I was 14. I spent that summer learning to smoke drugs, to give hand jobs, to drink wine: I even stole a copy of Blonde on Blonde from a record fair. I cultivated eating disorders.

Every day I would remember his name, remember his fingers in my cunt, remember his rank, pale cock pulsing in my fist. Time passed, I reassured myself that eventually I would not think of him every day. I tried to calculate how long it might be before I completely forgot. Four or five years maybe.

Angry and ashamed, I decided to slash open my wrists and let my blood spit hatred all over the bathroom. I took a disposable razor and I smashed at the plastic with anything that came to hand. The blade came free, so bent and blunt it wouldn’t cut, only tear. I was exhausted, I went to bed. I didn’t try to cut myself again for six years.
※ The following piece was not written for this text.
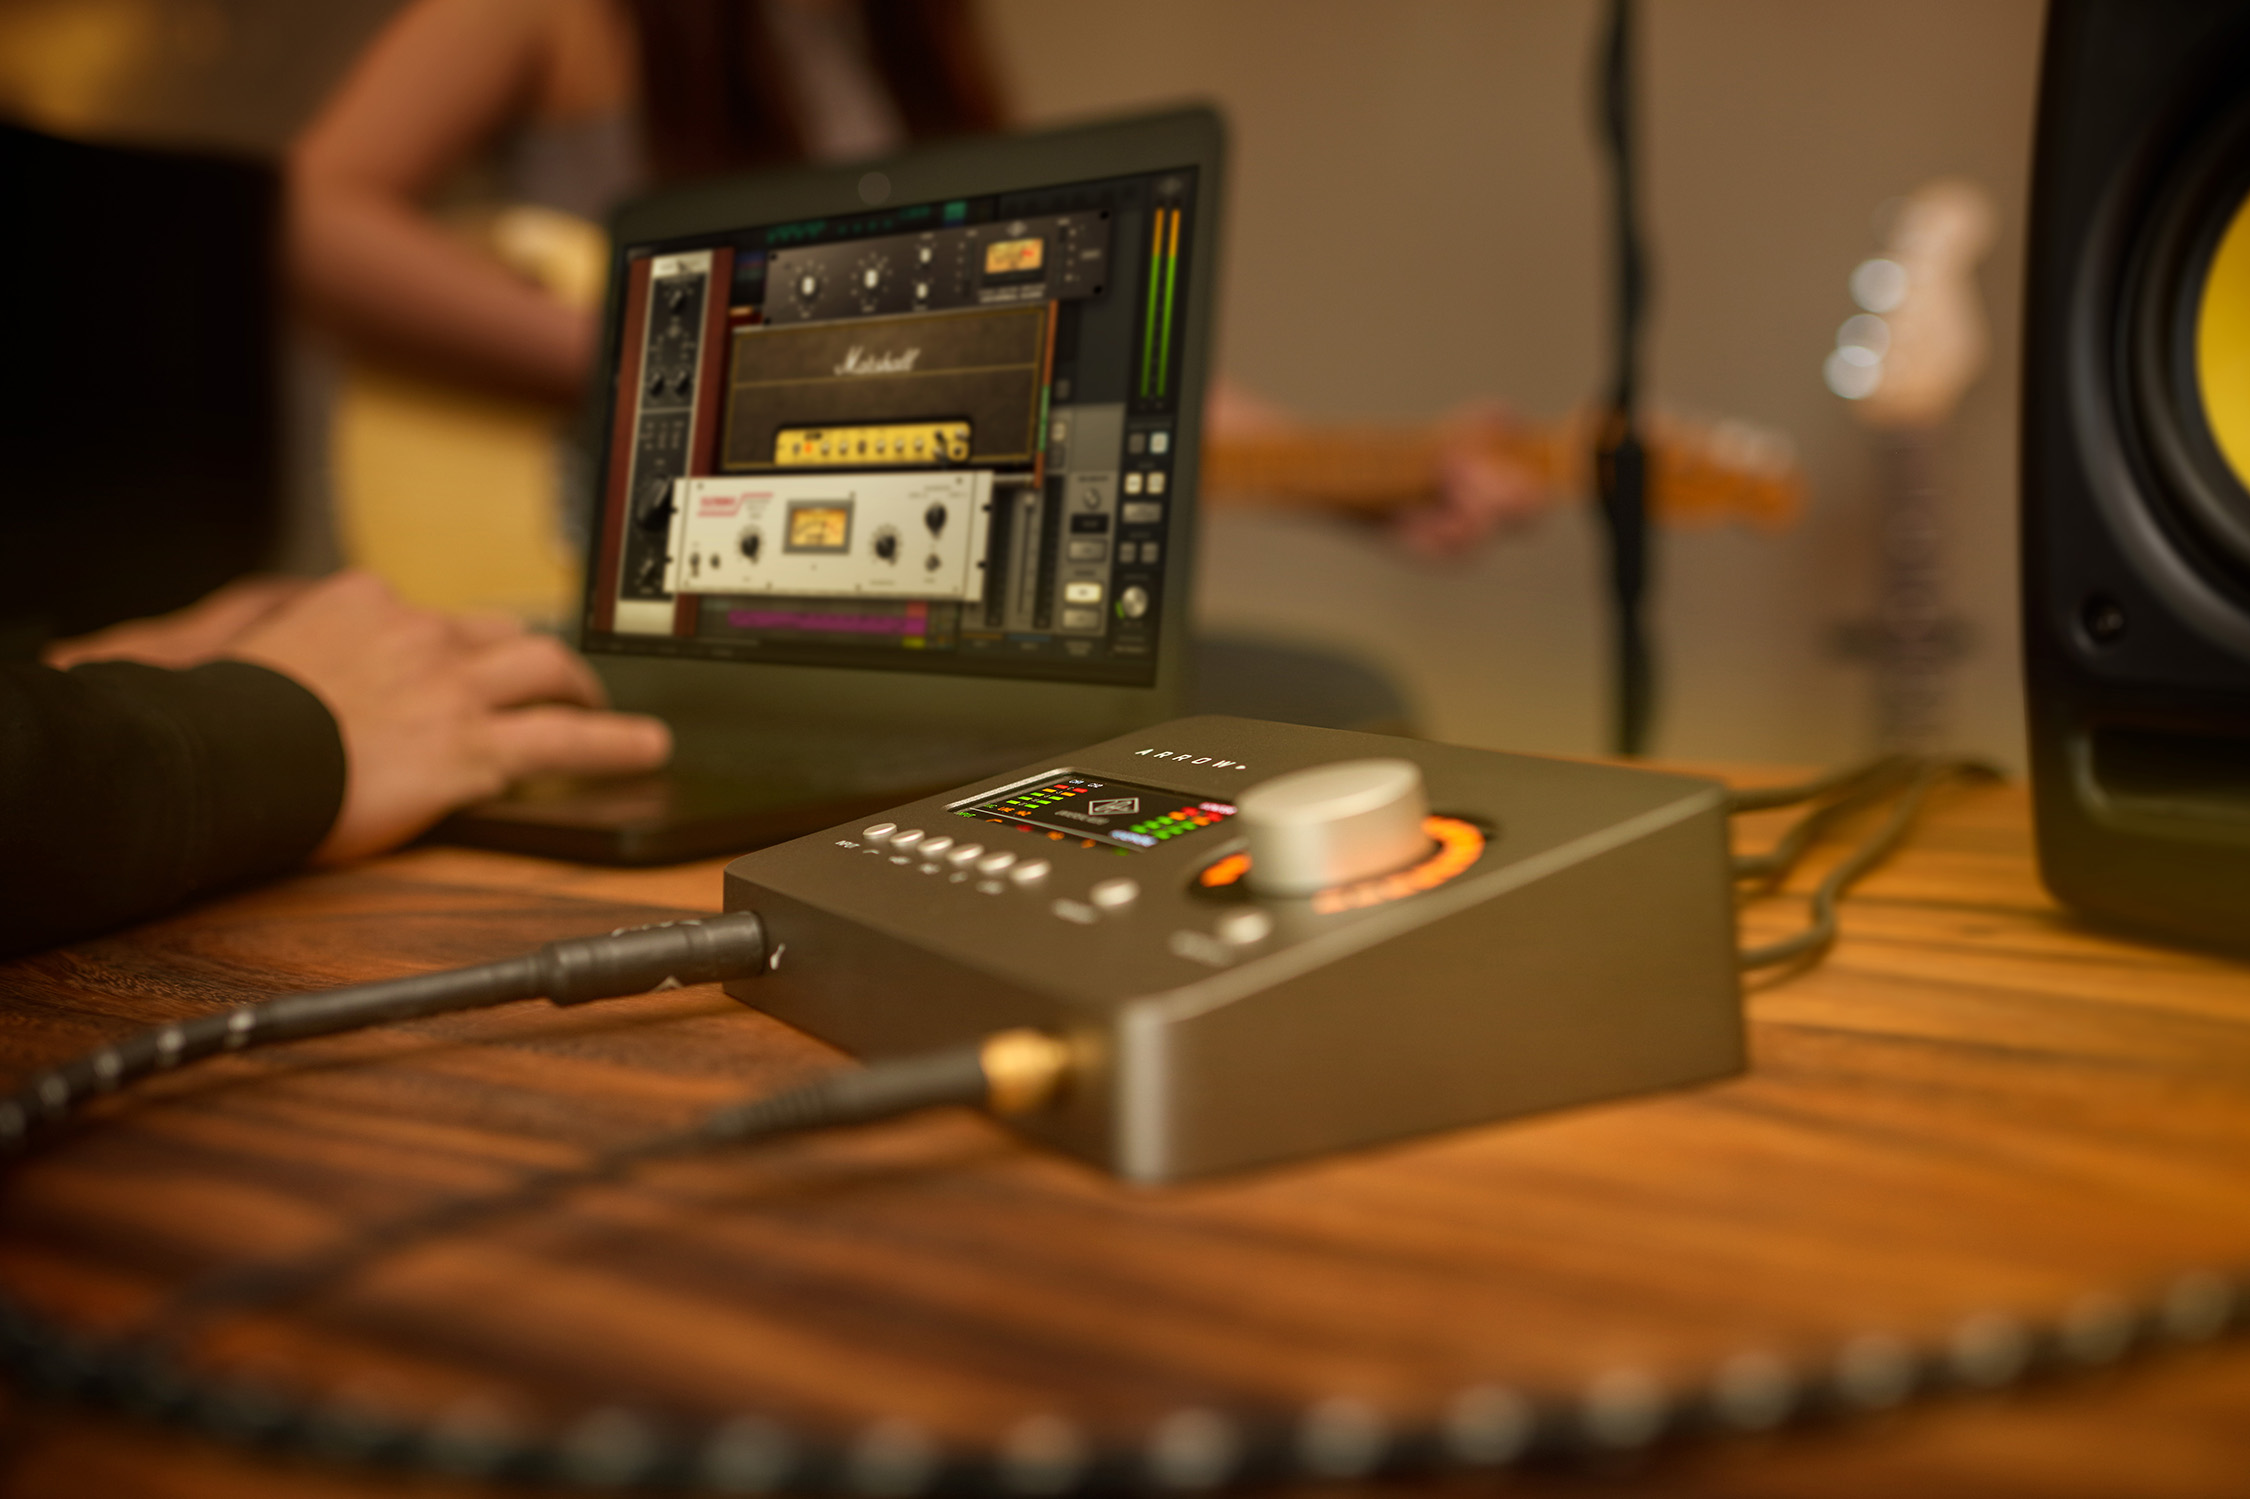 Universal Audio Arrow – UA lanserar professionellt ljudkort under 5000:-

I rooted through the knife drawer. Where was the small, serrated Kitchen Devil? Dirty, in the dishwasher. I pressed a carving knife against my forearm. The metal, cool against my skin, was not sharp enough to draw blood, but hard and cold enough to clear my head. I knew what to do. I locked myself in the bathroom and smashed the razor’s plastic casing against the floor with a rolling pin. The blade slipped out, small and perfect. A tremor of anticipation ran down my arm as I reached out to pick it up, shaving a little skin from my fingertips in the process.

I sat up against the bath, my legs stretched out in front of me. I held my right wrist up for inspection. I felt momentarily sorry for my unblemished, blameless arm. I felt almost nothing as I laid my arm across my thighs and made the first, tentative, scratches. I experimented with direction, duration, pressure.

I watched the narrow white filaments gain definition as red lines spread. This bright-coloured magic of physical absolutes made me think of litmus paper and pregnancy tests... my thoughts drifted freely until I become aware of a stinging sensation in my arm. I rinse the blood away with cold water. Twenty three fine lines radiated out from a mid-point two inches below the heel of my hand. A gold sunburst behind a Bernini angel. The marks on a clockface. By now calm and relaxed, I put the blade away in my wallet.